Church in Tadcaster, North Yorkshire, England

St Mary's Church is an Anglican parish church in Tadcaster, North Yorkshire, England. It was built in the 15th century and is an active place of worship.

==Location==
The church is located off Kirkgate, next to what was formerly the town's market square. As it is on the banks of the River Wharfe, it has been prone to flooding.

==History==
Though there is no record of a church in the Domesday Book for "Tatecastre", the Ecclesiastical History of the English People (AD 731) records that Hieu, founder and Abbess of Hartlepool Abbey came to live in Tadcaster, so there may have been a wooden church before the Norman conquest.

The first stone church was erected in about 1150 AD, with further additions till 1318, when it was burnt and sacked by the Scots. It was rebuilt on a larger scale in about 1380. Further additions were made during 1420 to 1480, bringing it to its present shape.

Unfortunately the building was subject to flooding, which was inconvenient for the worshippers and caused structural damage, as noted in a petition of 1758 and an architect's report of 1859 which noted amongst other things that the top of the tower overhung the base by 17 inch. To safeguard it from further floods, the church was taken down in 1875–77, re-erected and raised 4 ft. This was largely successful until 2015, when it was flooded to a depth of about 1 m.

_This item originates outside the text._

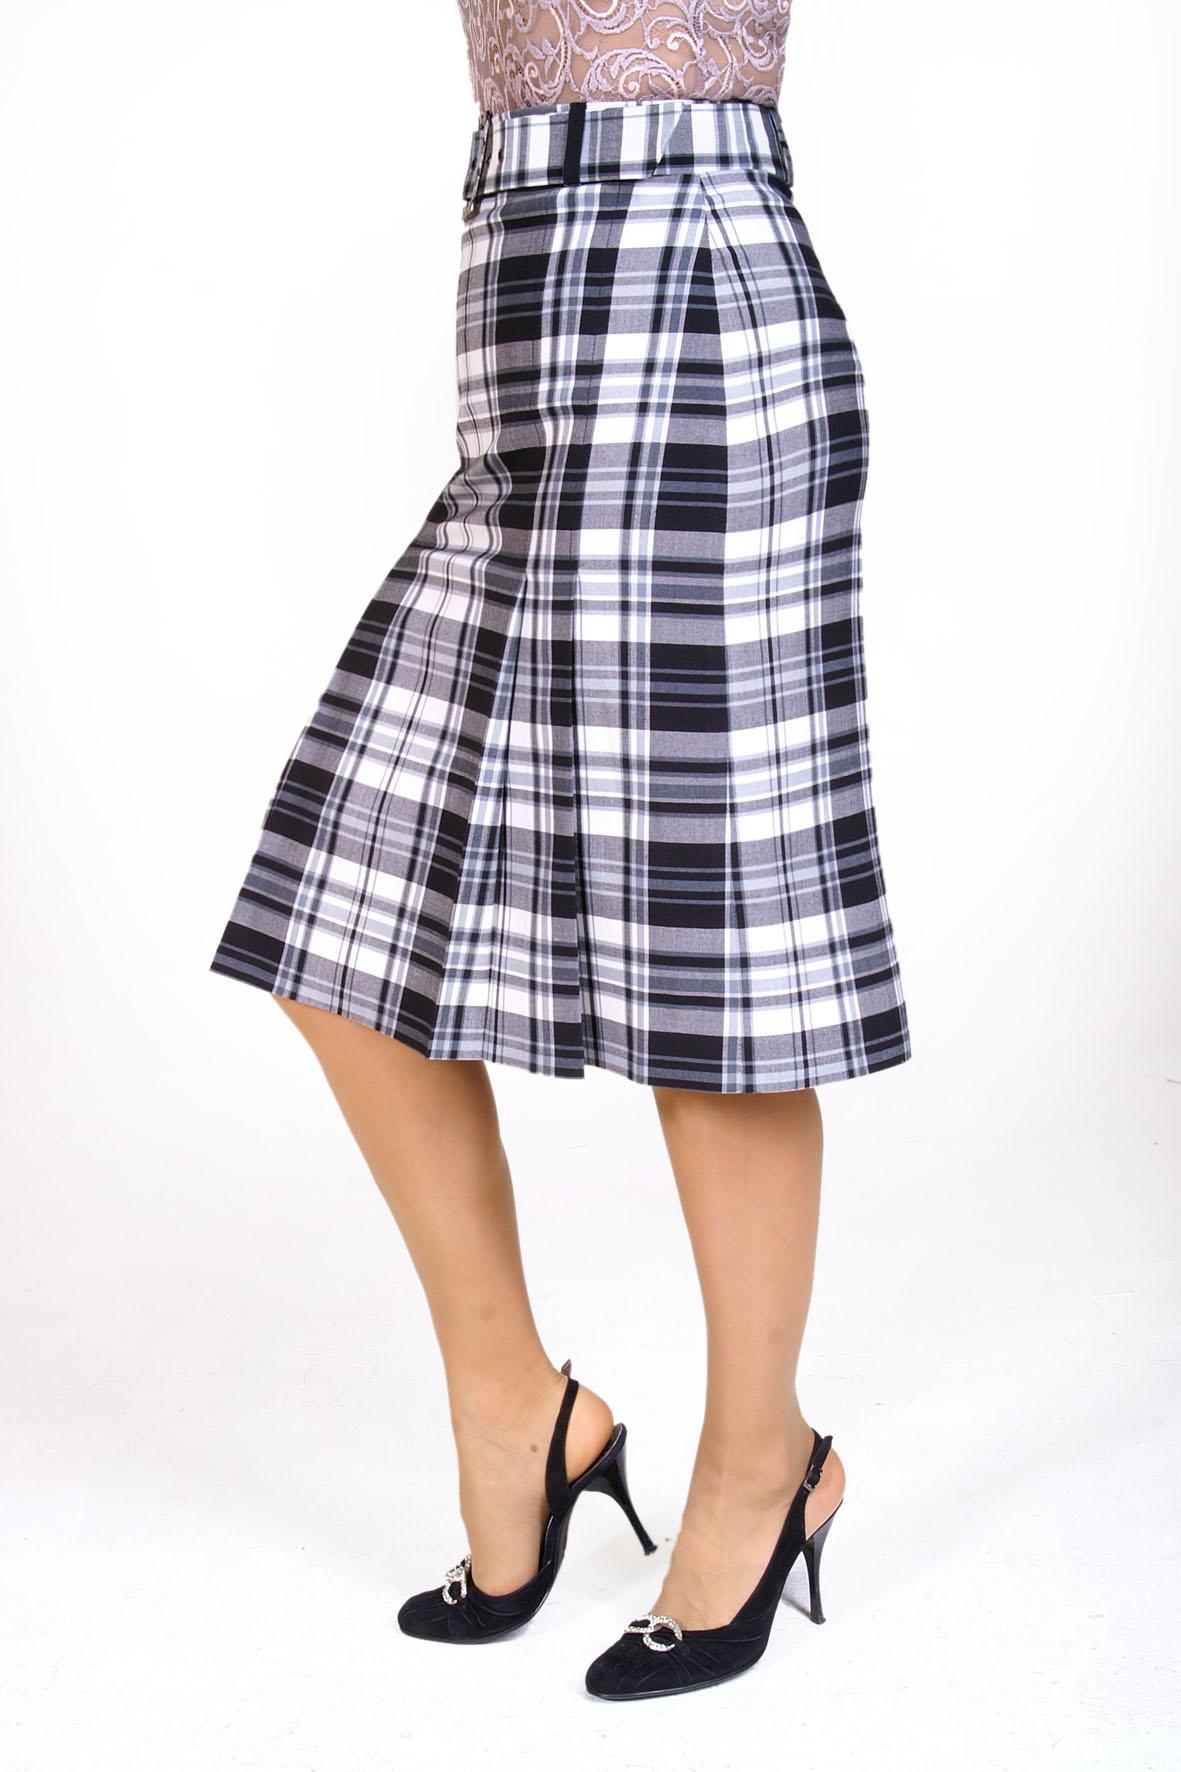 Швейная фабрика брюки юбки

The rebuilding was supervised by architect Edward Birchall of Leeds, who used much of the old material and carefully reproduced the features and style, at a cost (raised by public subscription) of £8,000. This included the incorporation of a 12th-century arch and a fragment of a Saxon cross. However, the old pews were replaced with ones of a modern and lighter style. In 1897 the north wall was rebuilt 8 ft further out, widening the north aisle.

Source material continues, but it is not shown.